WHAT TO PRODUCE —
Lines before the one containing "Obscured by Jaclyn Alderete" are not copied; that line and every one after it, through the end of the material below, are printed exactly, without pictures.

RAW DATA —

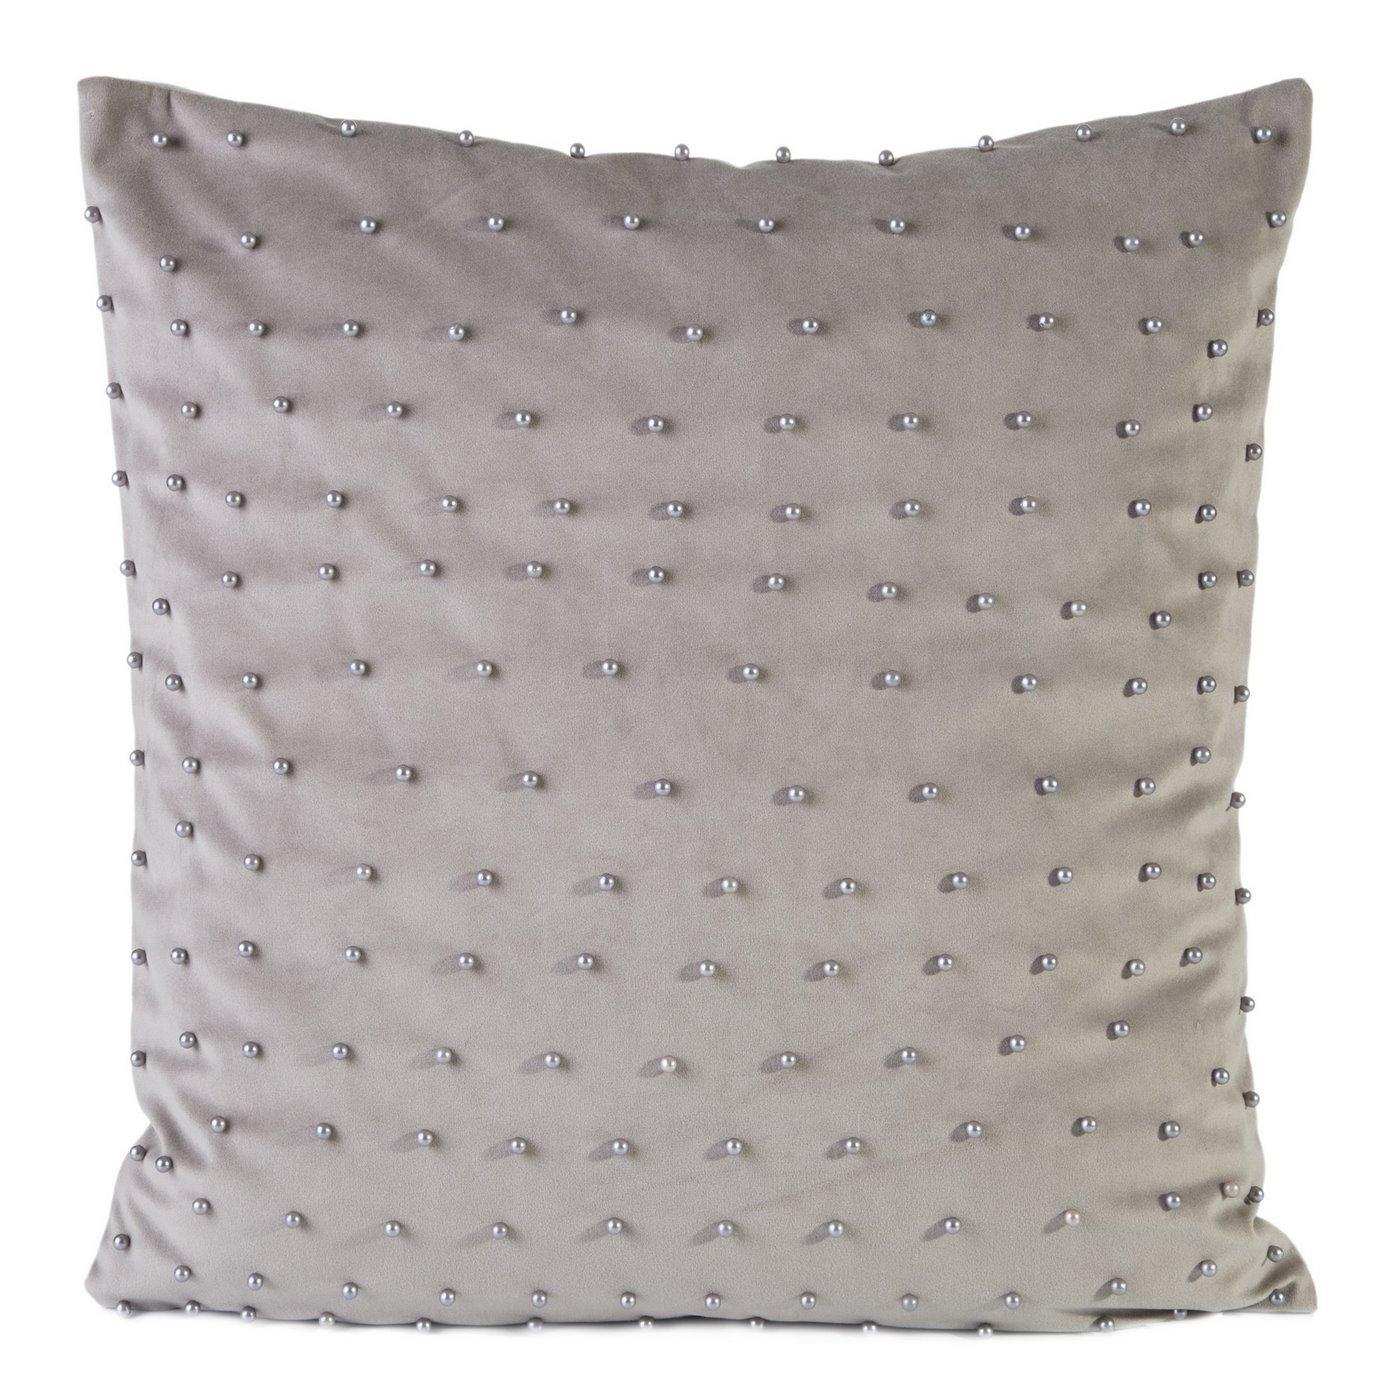 Poszewka na poduszkę 45 x 45 cm szaro beżowa z perełkami
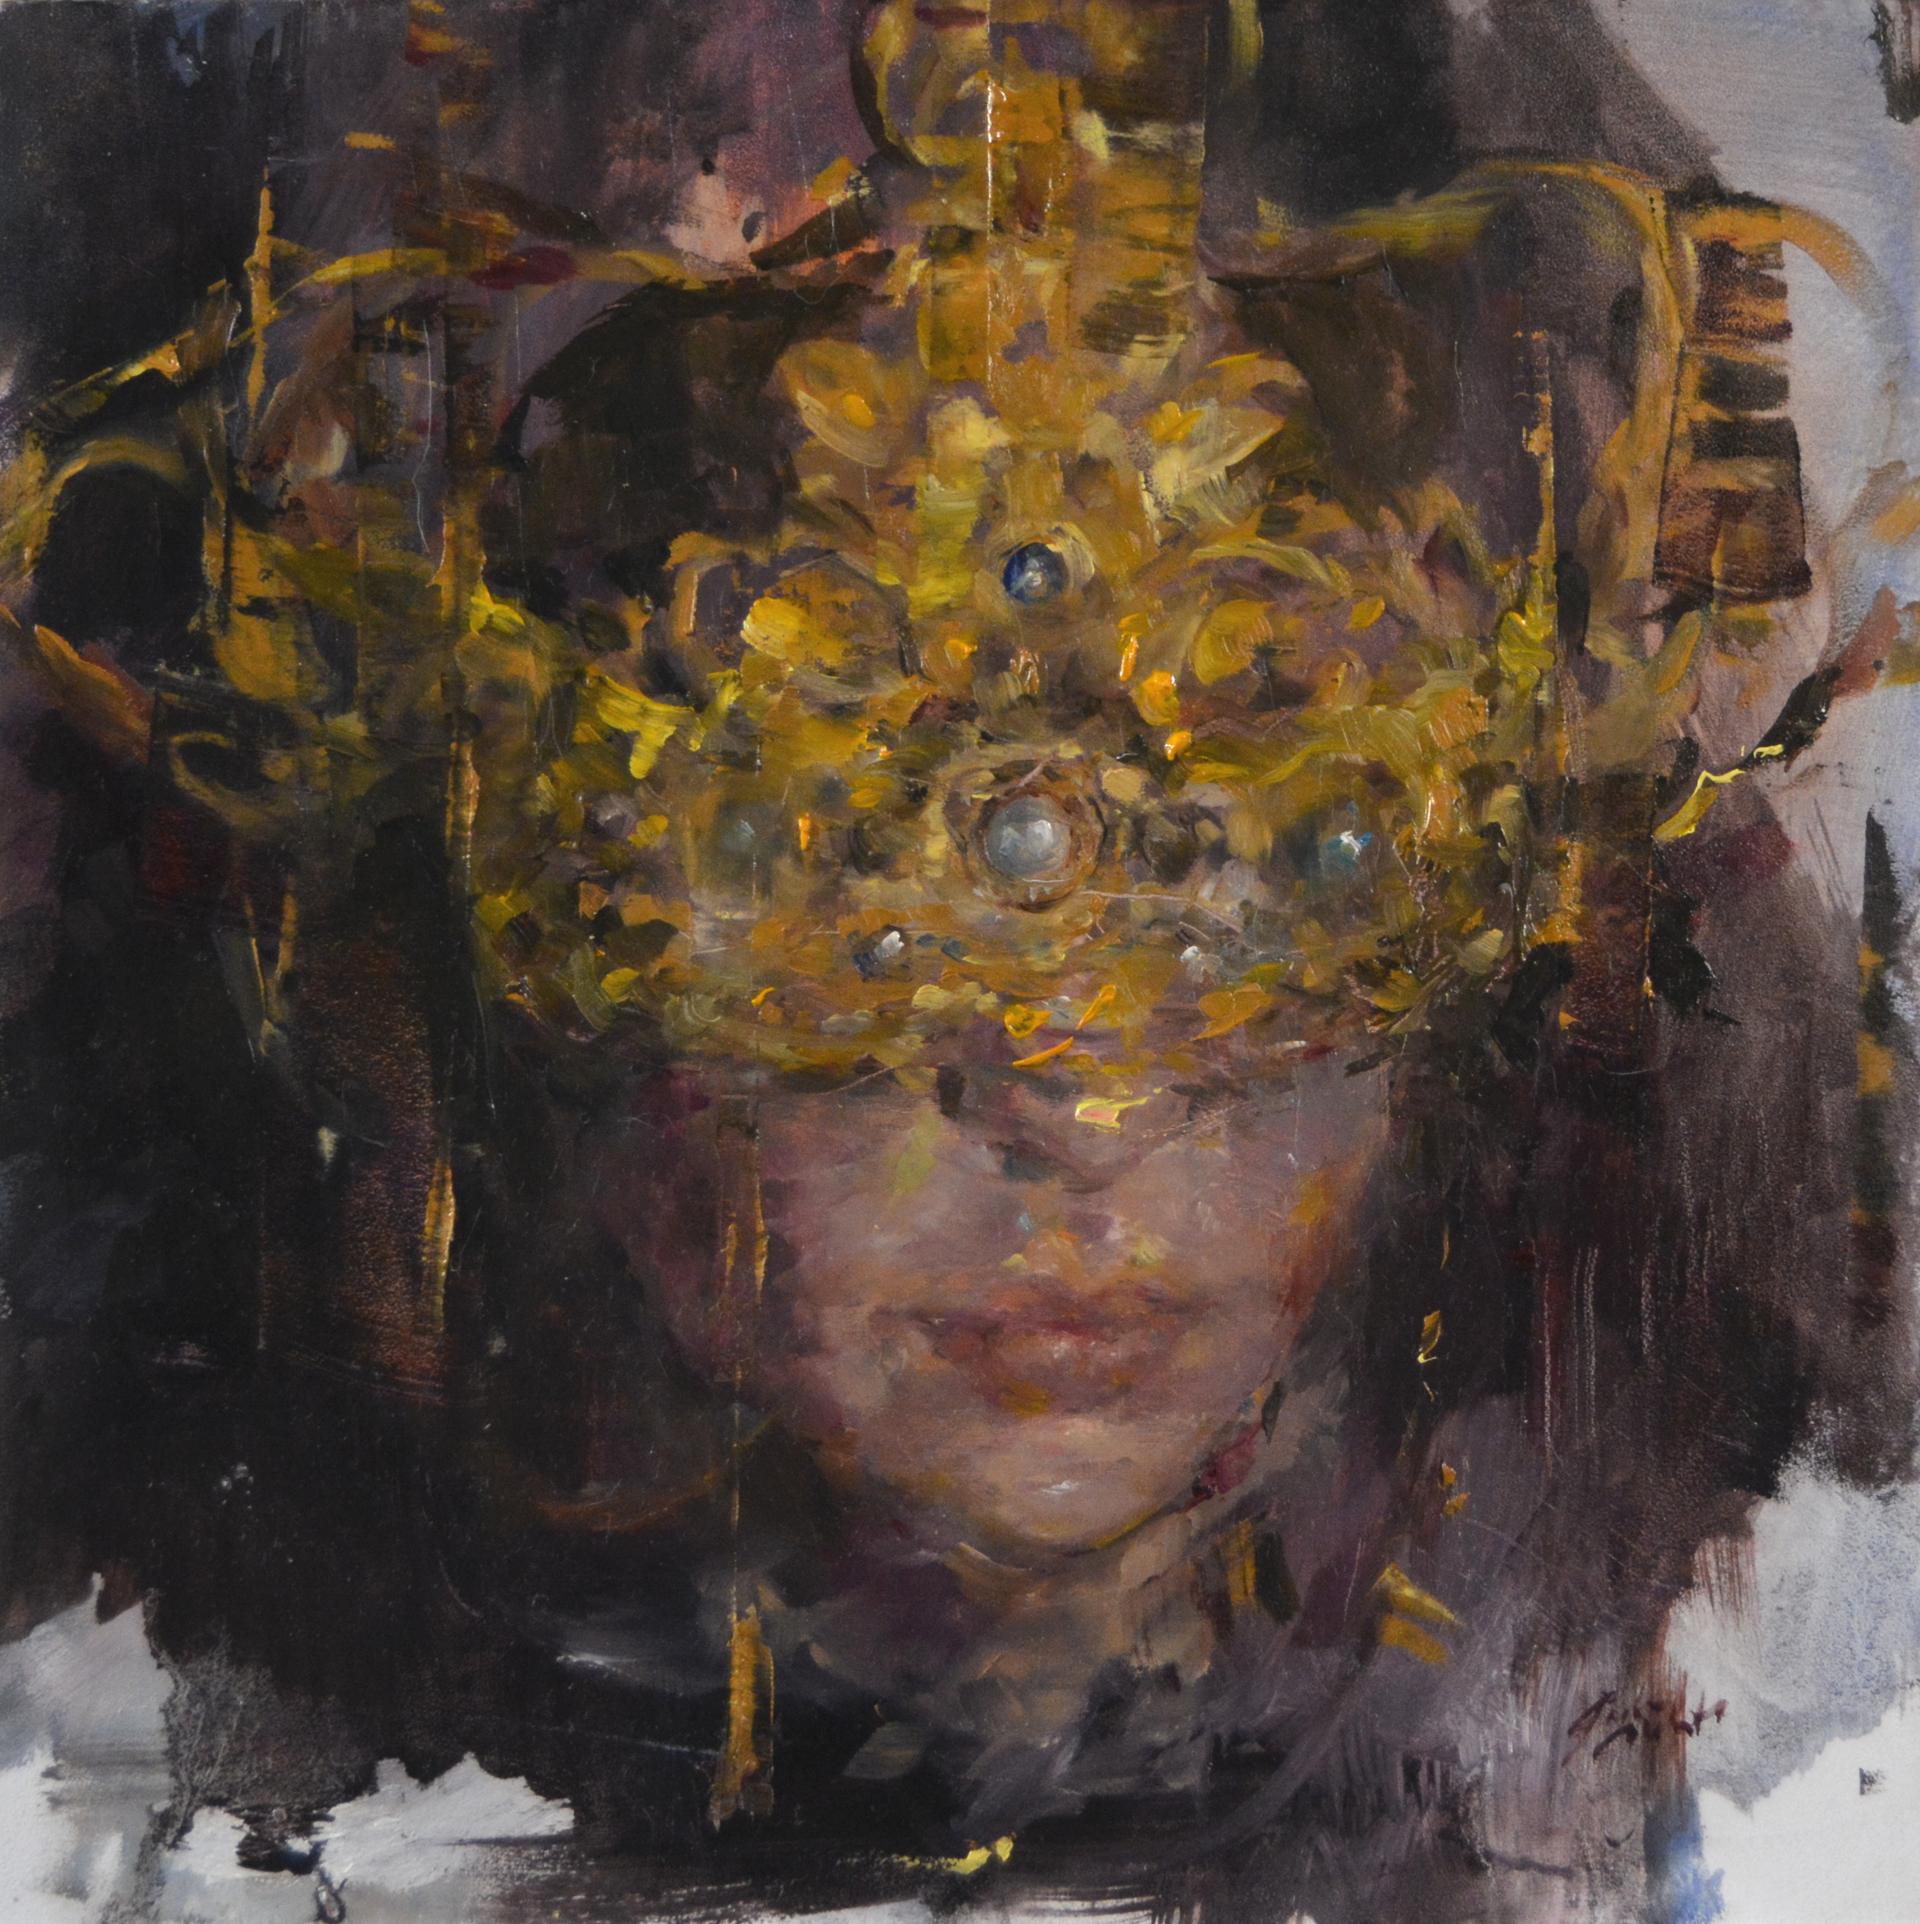 Obscured by Jaclyn Alderete
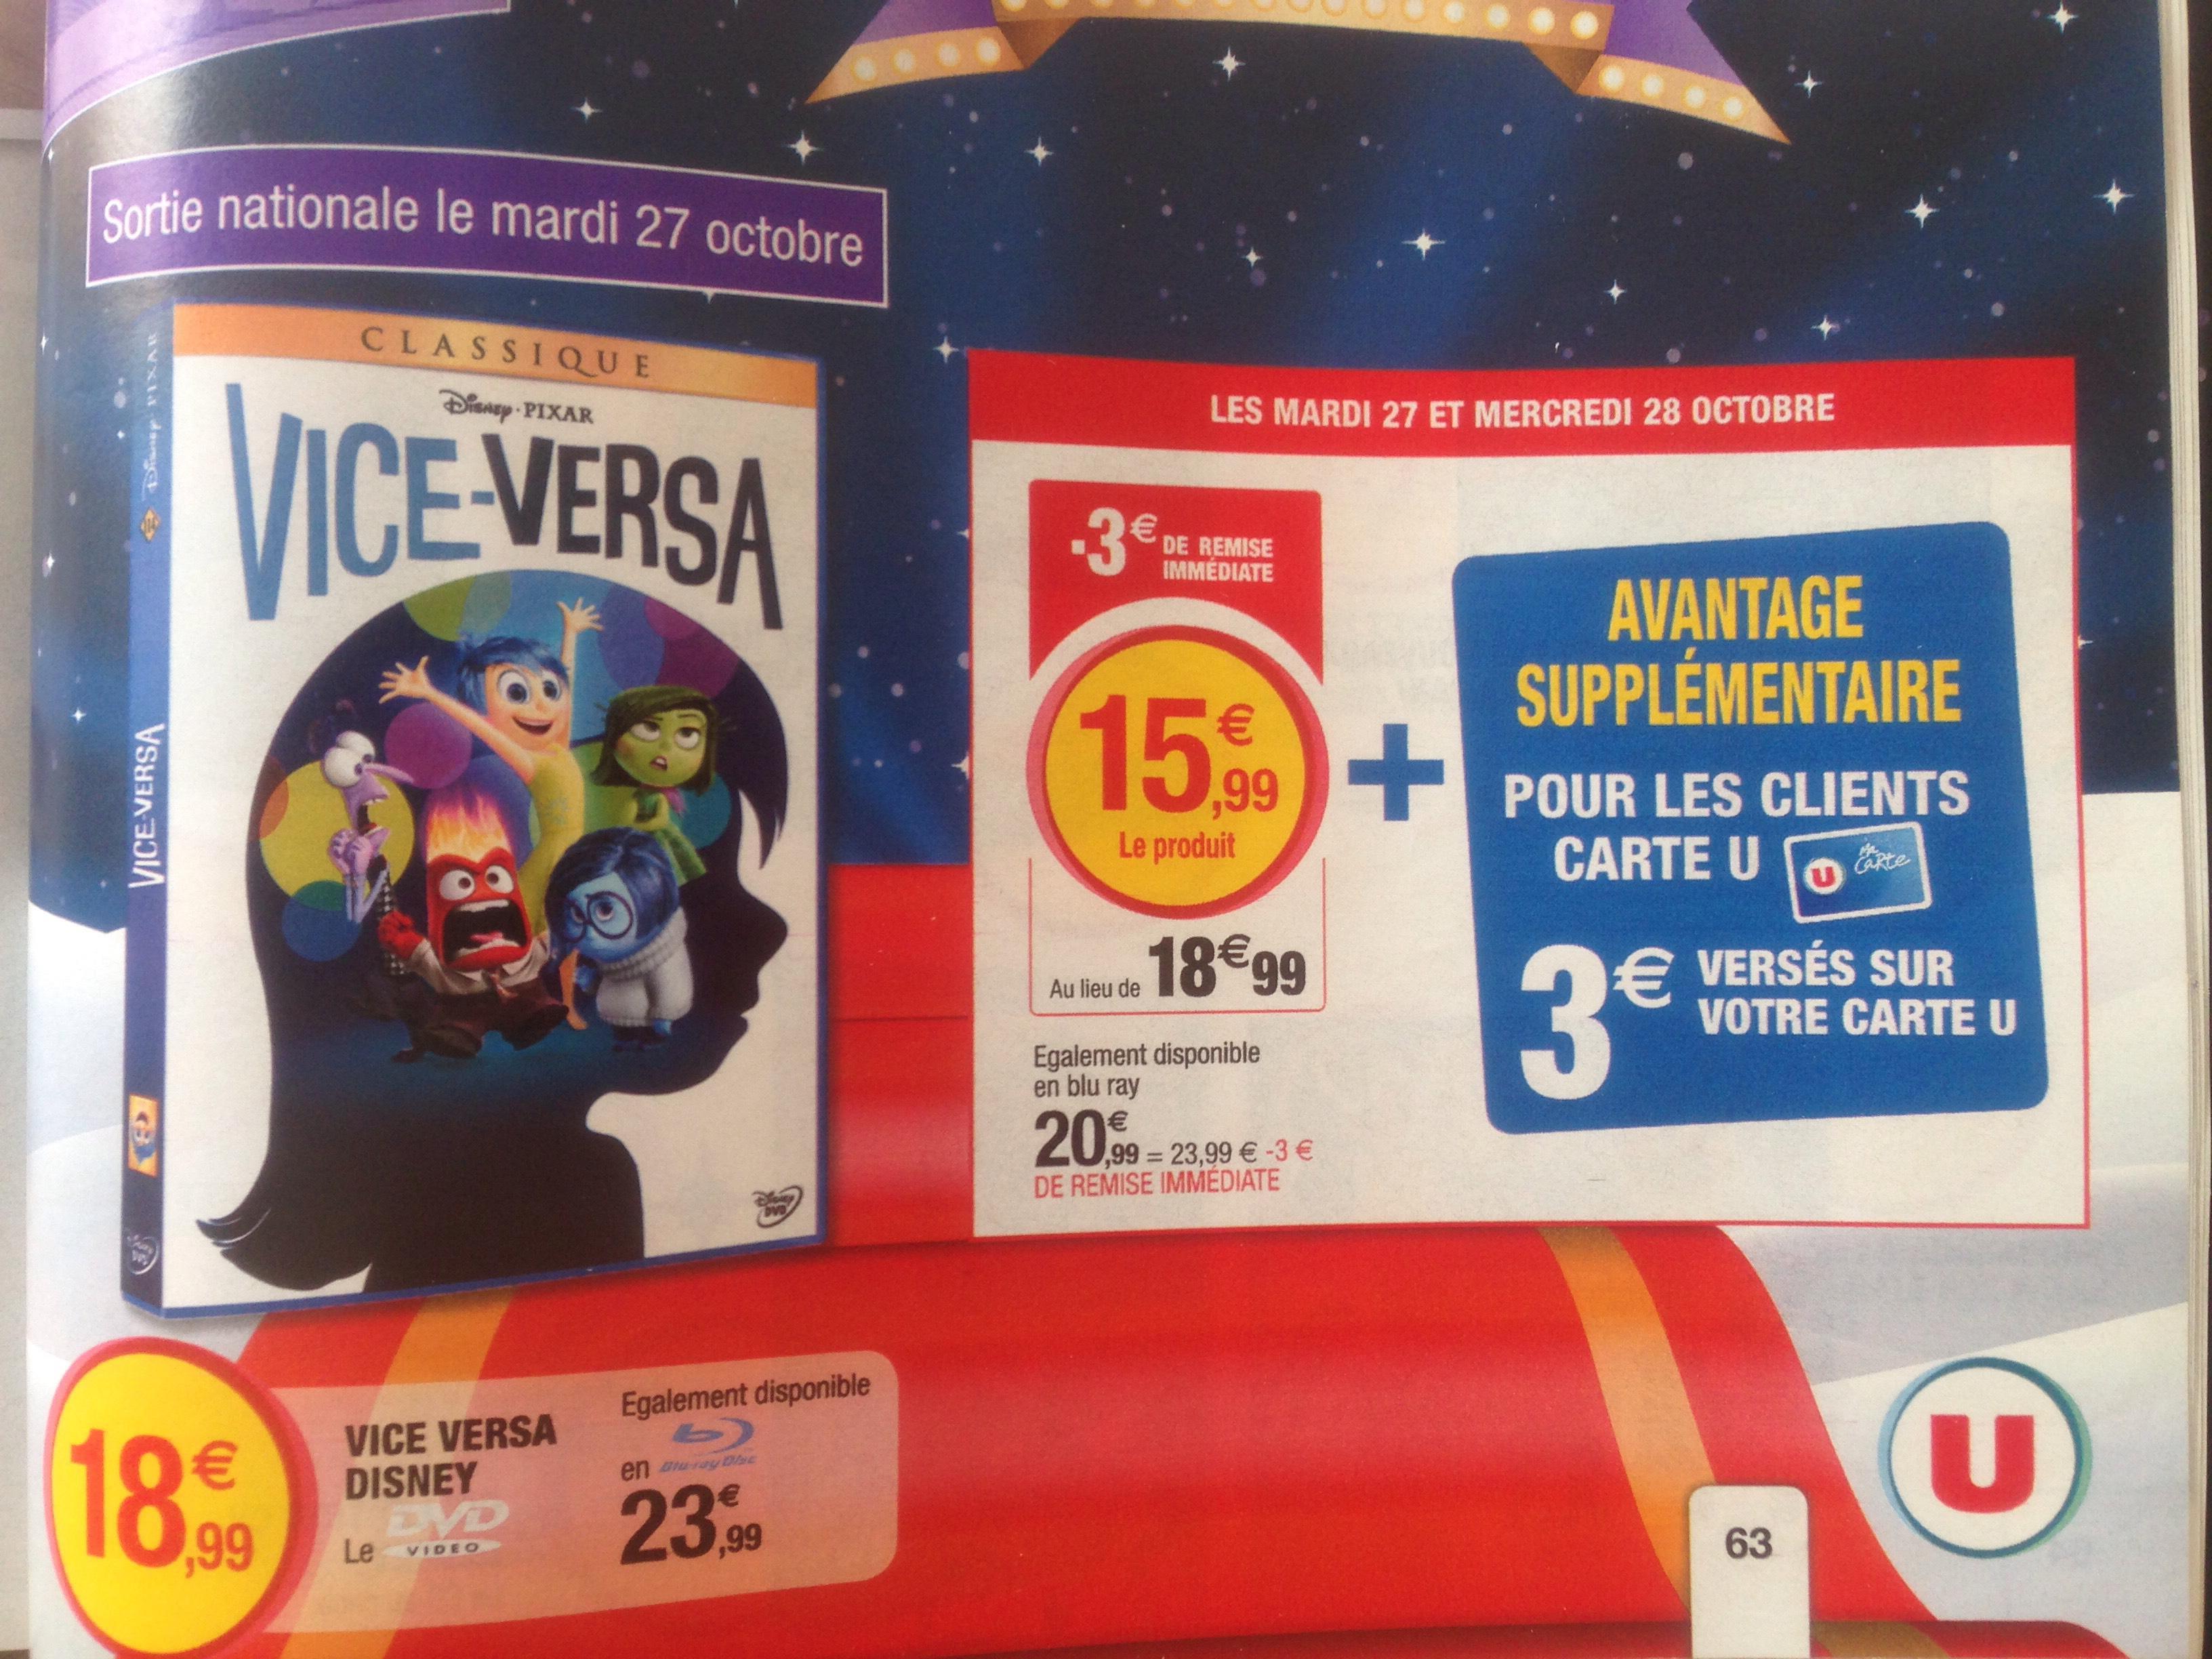 DVD Vice-Versa à 12.99€ et Blu-Ray Vice-Versa (déduction faite des 3€ sur la carte U)

EXERCISE RESULT —
 Obscured by Jaclyn Alderete
 DVD Vice-Versa à 12.99€ et Blu-Ray Vice-Versa (déduction faite des 3€ sur la carte U)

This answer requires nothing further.